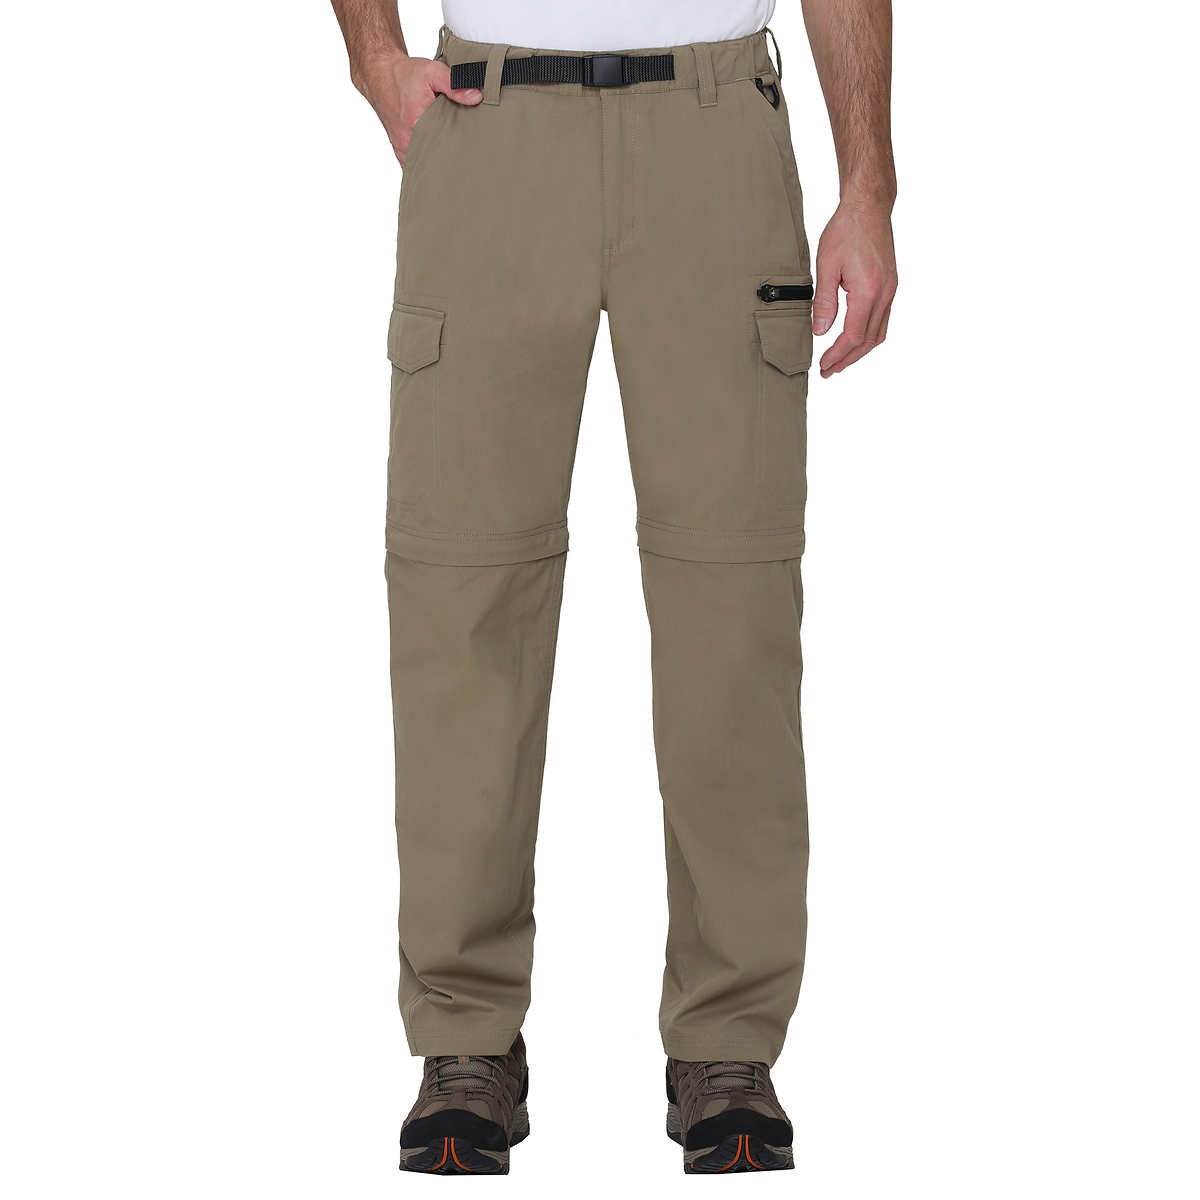 Trending Wholesale Detachable Side Pocket Pants At Affordable
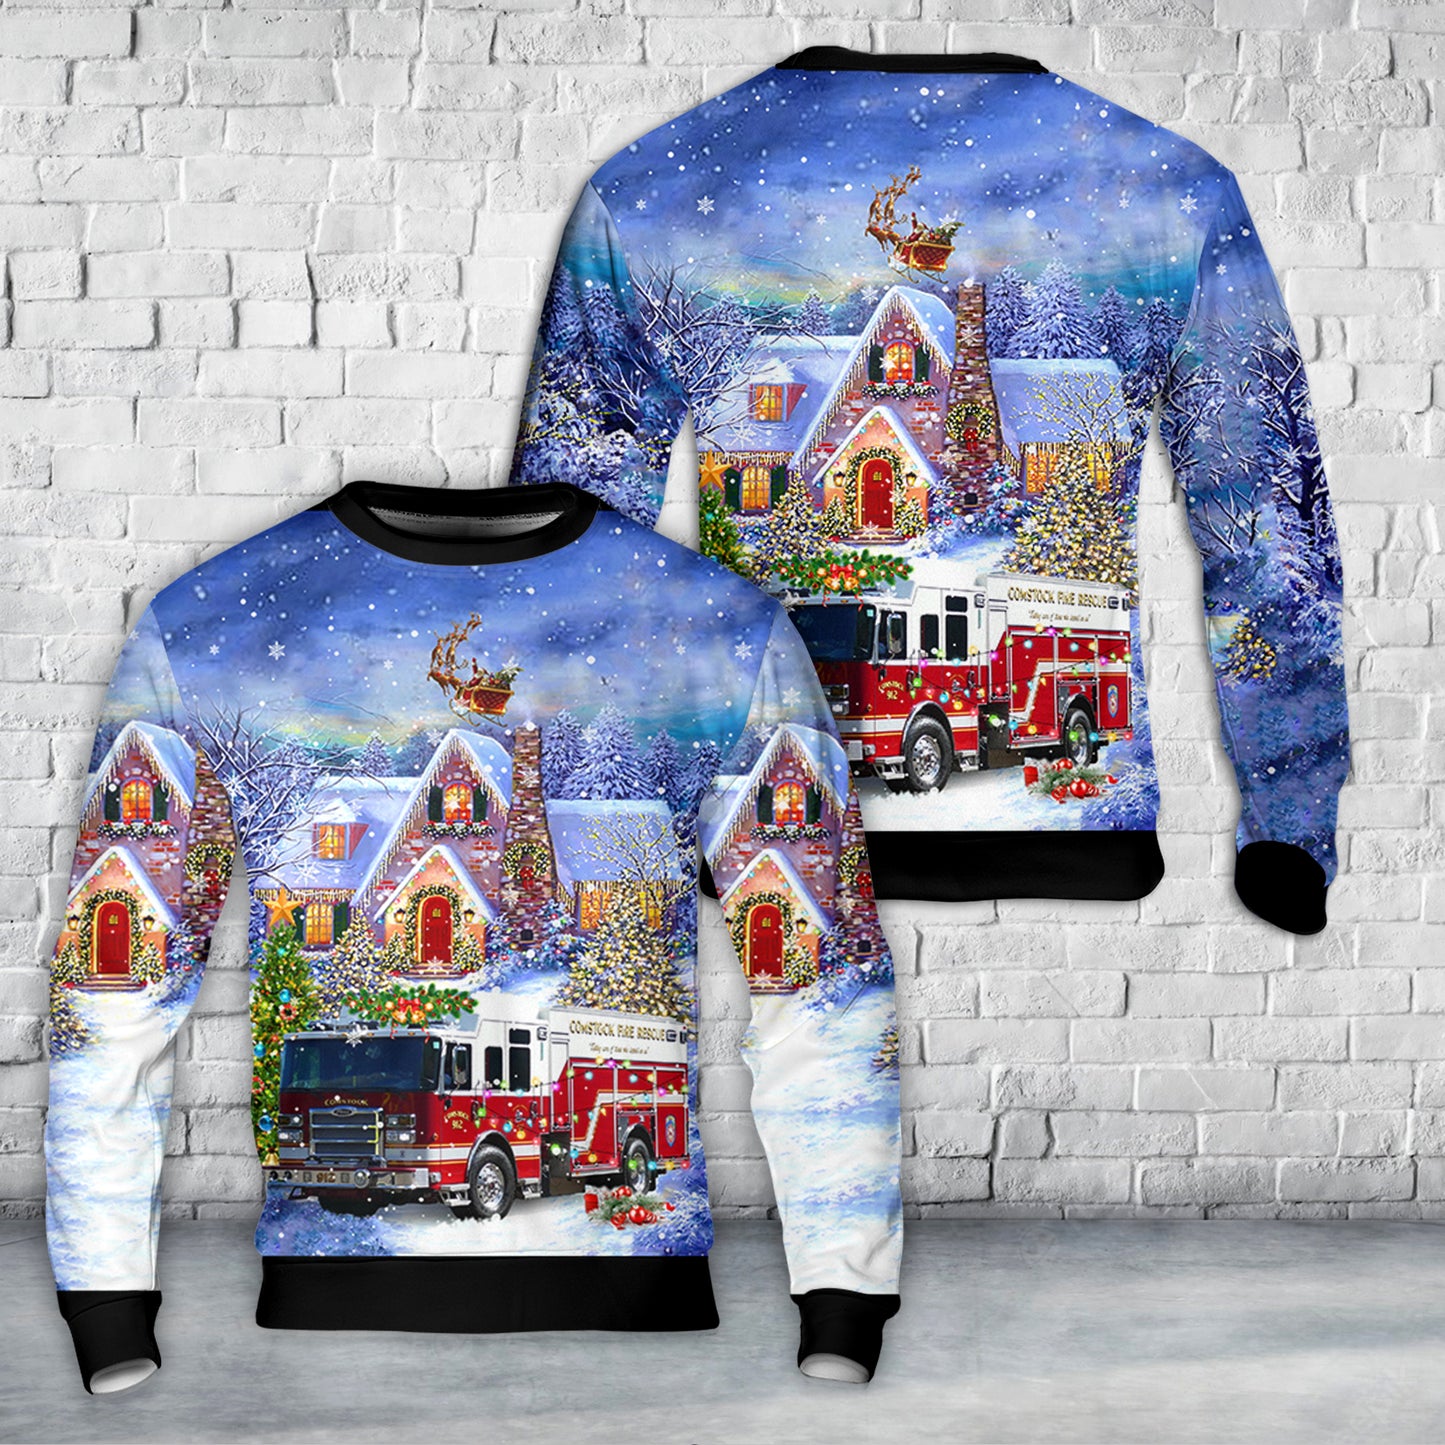 Comstock Fire & Rescue, Kalamazoo, Michigan Christmas Sweater
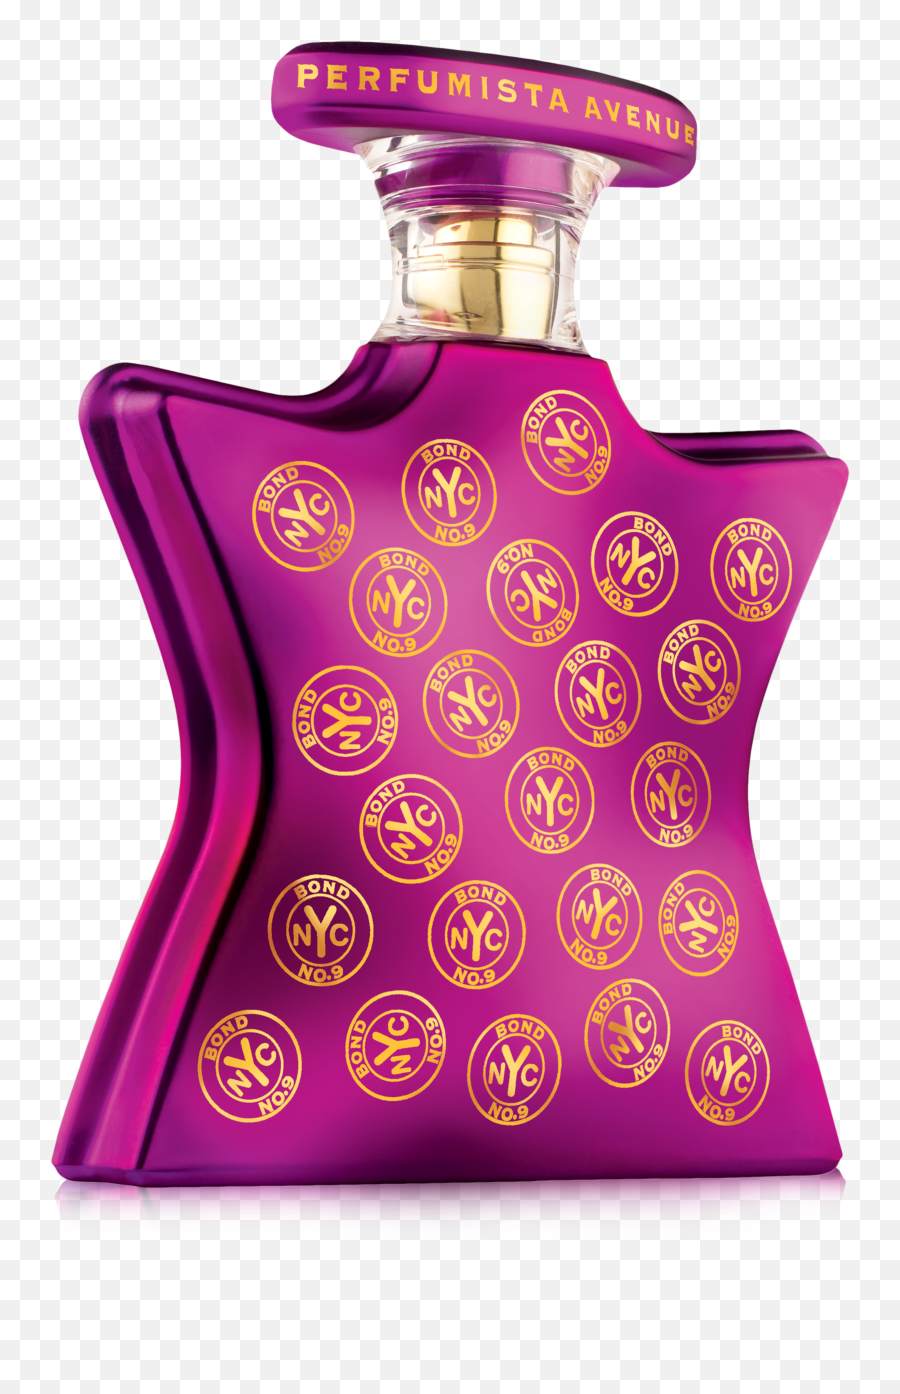 Perfumista Avenue - Bond No 9 New York Emoji,Mixed Emotions Diamods Perfume

== == ==

## EXERCISE
Where the material contains pictures, leave them out and copy the rest verbatim.

## WORKED SOLUTION
 Trending Wholesale Detachable Side Pocket Pants At Affordable
 Comstock Fire & Rescue, Kalamazoo, Michigan Christmas Sweater
 Perfumista Avenue - Bond No 9 New York Emoji,Mixed Emotions Diamods Perfume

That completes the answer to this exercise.